# Starting a relationship with a long time best friend of the opposite sex.



## IndecisiveLady (Aug 22, 2011)

HI,
I'm new here and I'm looking for some advice.
I dated a guy for 3 years and while I dated him I met one of his best friends. His best friend and I had lots in common & became best friends as well. We got along so well there was always some sexual tension. When I broke up with my boyfriend of 3 years I was scared to even try and start something with this guy. I didn't feel it was right to my ex. Years have gone by and every time it seems I wonder more about him he's in a relationship and when he seems to wonder about me Im in a relationship. 
We still talk all the time and he calls me pet names and we say I love you at the end of conversations. 

Currently we live 3 hours away & i'm now getting out of a long term 4 year relationship with another man. 
When I told him my current relationship was over he wanted to immediately come and visit me. 

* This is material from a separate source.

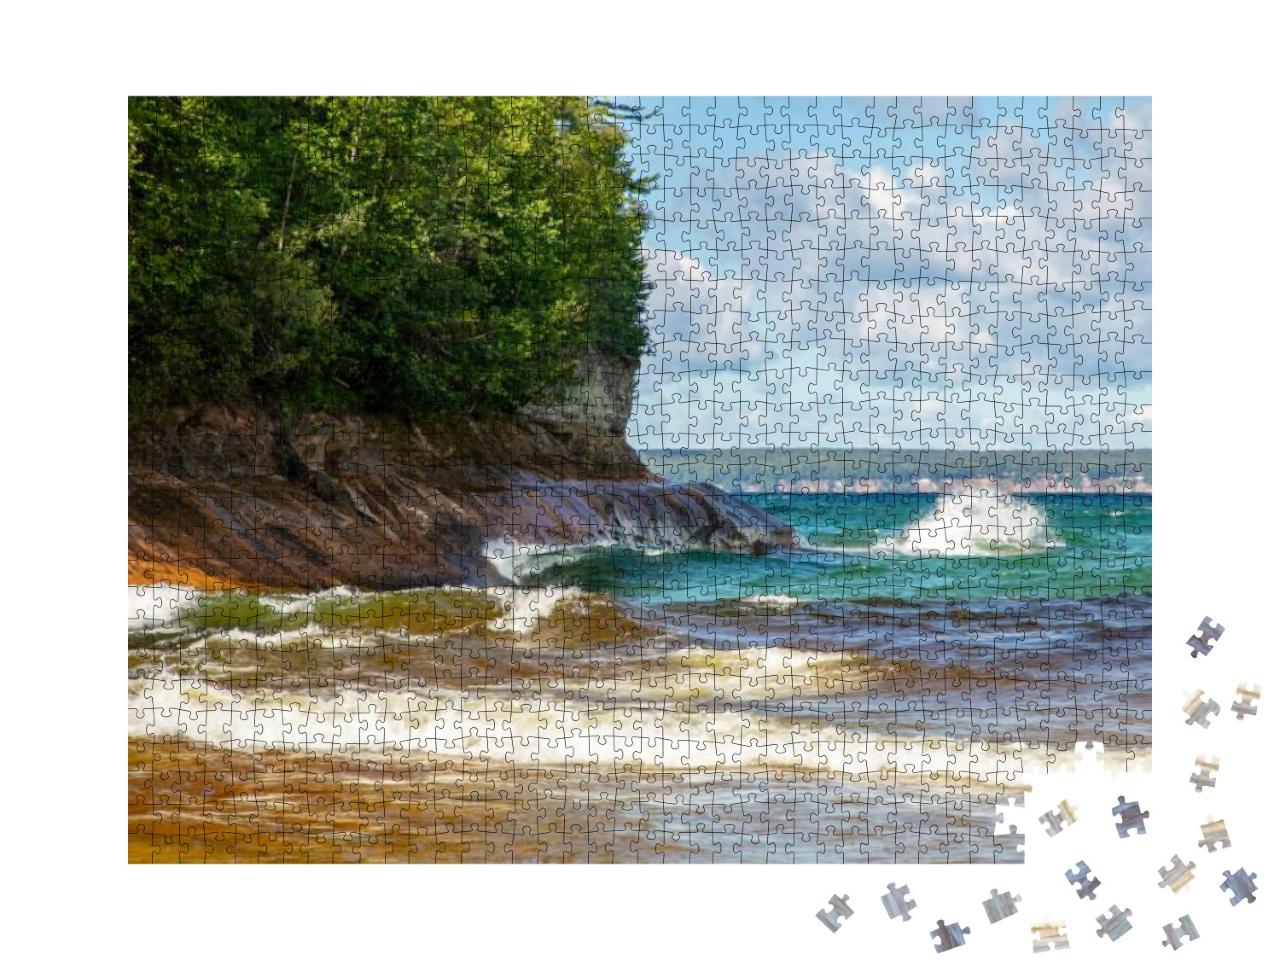 Upper Michigan Lake Superior Showing Beautiful Pictured Rock... Jigsaw Puzzle with 1000 pieces

I'm so unsure if I should consider seeing him. Because we get along SOOO well and we are best friends. We can just sit and laugh and watch commercials and have a blast. IS this what it's supposed to be like? Will this ruin our friendship if it doesn't work out?
I'm also worried because he doesn't have a great deal of ambition and a sense of responsibility in life. Those 2 things tend to turn me off. Am I being fussy? Shouldn't I marry my best friend over someone who is ambitious & responsible but I don't necessarily get along with that well?

I'm very confused!!

Thanks SOO much for all of your insight!


----------



## sprinter (Jul 25, 2011)

It sounds like you're very attracted to him but it also sounds like he's not the kind of man you want to marry. I think your last sentence is disingenuous. You may meet someone else who is your "best friend" and is responsible. It's not a given you have to have one or the other. You have to decide what you really want. My advice is to not compromise your principles in order to go out with your best friend. There are many threads on here about dead-beat husbands who's wives are frustrated. Imagine finding yourself with a child and this man still delivering pizza at 50! Now many would say if you love someone it won't matter but it doesn't sound like you're there. Think about this one.


----------



## IndecisiveLady (Aug 22, 2011)

Thanks for your reply. I appreciate your insight. I'm glad you feel i'm not being overly fussy or picky.
I would like to add that he is a General Manager of a Pub/Restaurant chain. He's not just a pizza delivery man.. but to me it's not enough ambition. He's still on shift work, working late nights. I work in the professional industry 9-5 job downtown. I'd love to be with someone with the same shifts as me so that we have time for each other.
Now is that being picky?
Thanks again.


----------



## that_girl (Jul 6, 2011)

You sound like my friend with our friend T. He was my ex....and 12 years later, after they kept up a good friendship, they got married 

They have a baby now and are very happy! I didn't care that they hooked up TWELVE years later. lollll That would be silly.


----------



## sprinter (Jul 25, 2011)

What does he say about his job? Is he happy with managing a restaurant? I would say don't ascribe your definition of success to him. You're a professional woman but keep in mind someone can be completely happy doing something else. I have a friend who was in a highly skilled job making a great deal of money and traveling. He wasn't happy, however. Today he has a landscaping business. He says he's happy because he spends more time with his kids and he is making a living. If this guy complains about his job, talks about doing other things but never does then that is one thing. However, if he loves what he does then understand that to him he's successful.


----------